• _DIRECTIONS_:
Find the line containing "重庆大学优异生联合会章程(修订版)" in the material below, then please transcribe it and each line after it exactly, without the pictures.

• _INFORMATION SUPPLIED_:
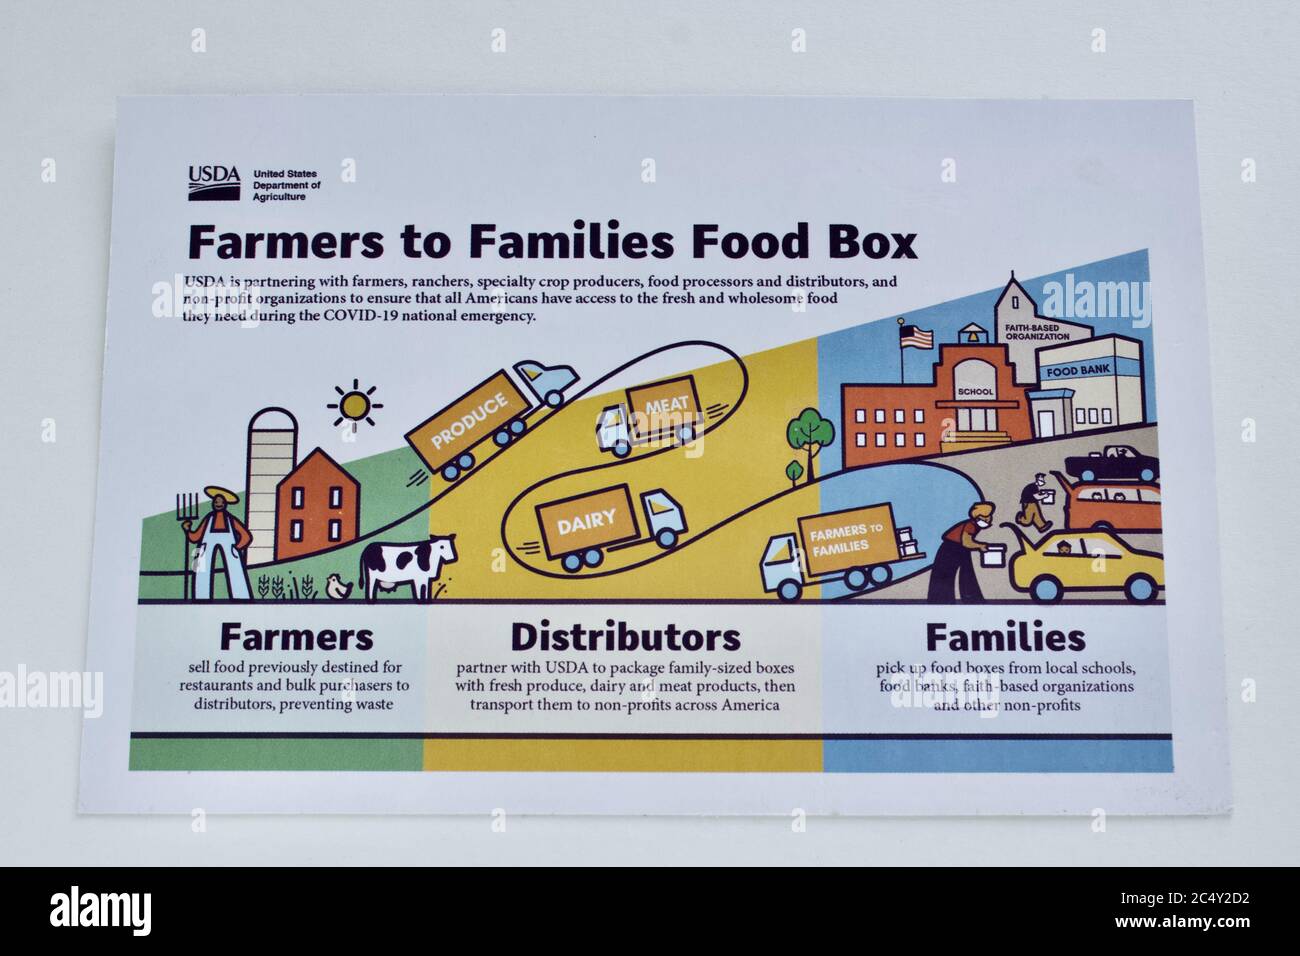 Miami, FL 6/27/2020-USDA Bauern zu Familien Food Box Karte in jeder Lebensmittel-Box eingeschlossen. Bis heute wurden 20 Millionen Kisten Lebensmittel geliefert. Stockfoto
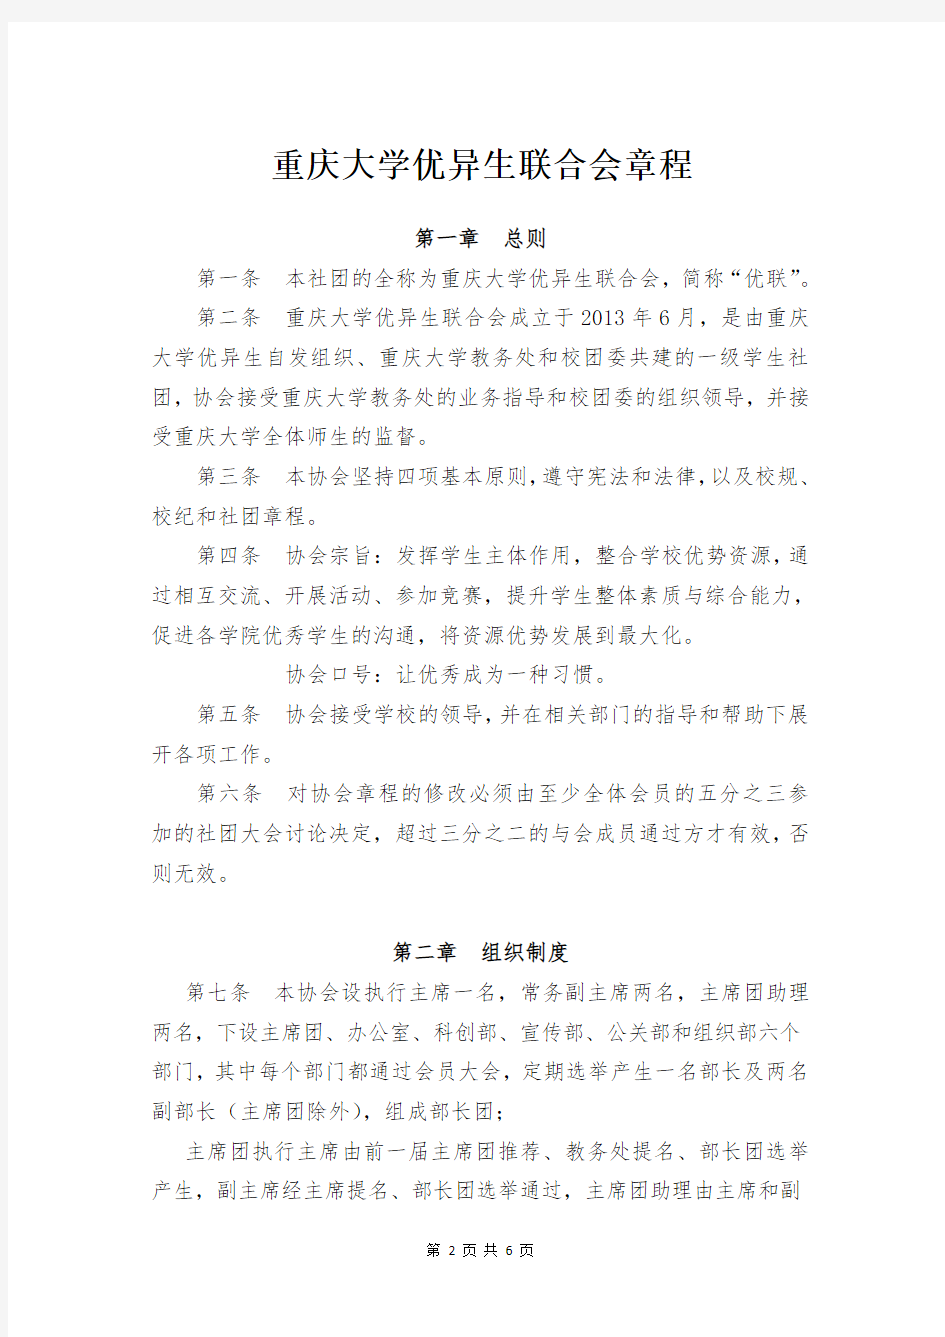 重庆大学优异生联合会章程(修订版)
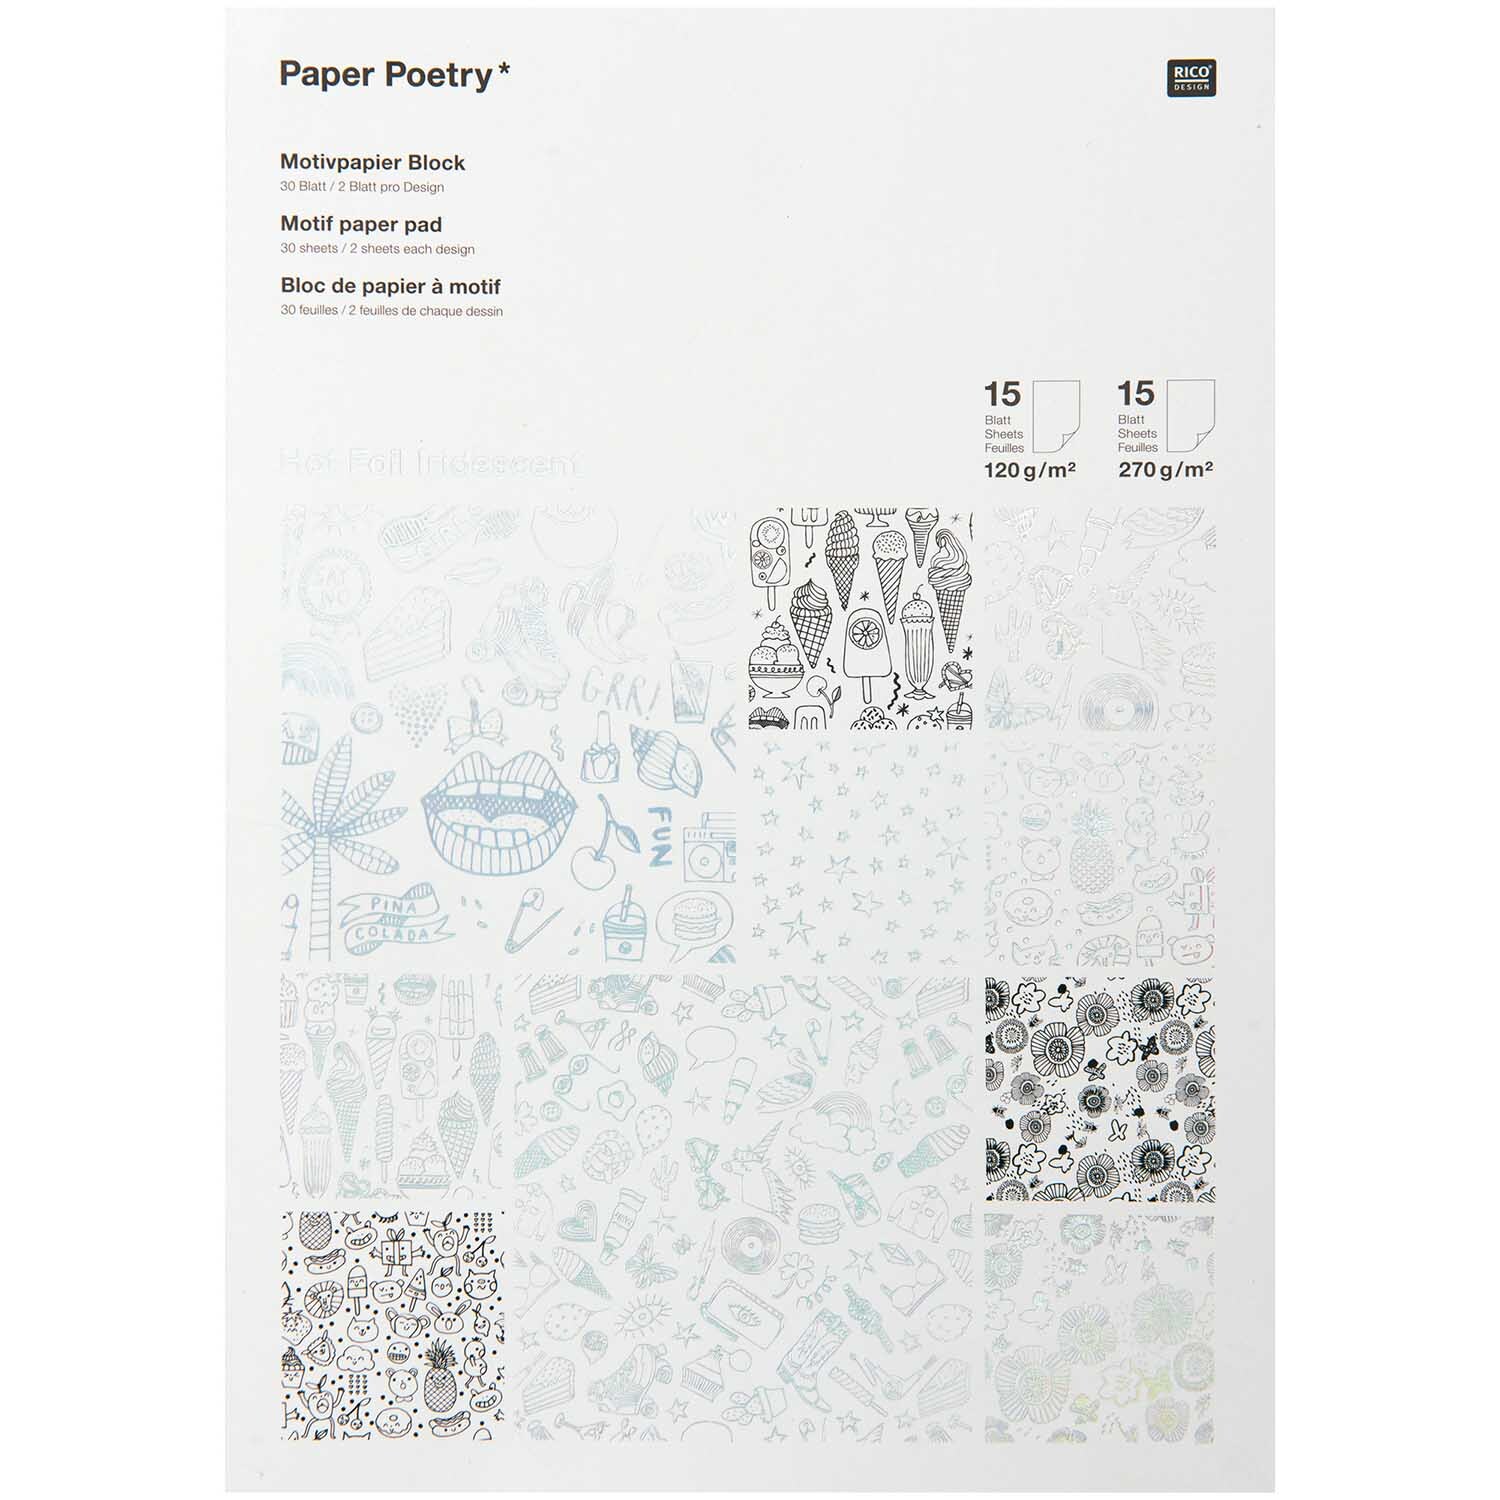 Paper Poetry Motivpapier Block schwarz-weiß 21x30cm 30 Blatt Hot Foil

• _REPLY_:
 重庆大学优异生联合会章程(修订版)
 Paper Poetry Motivpapier Block schwarz-weiß 21x30cm 30 Blatt Hot Foil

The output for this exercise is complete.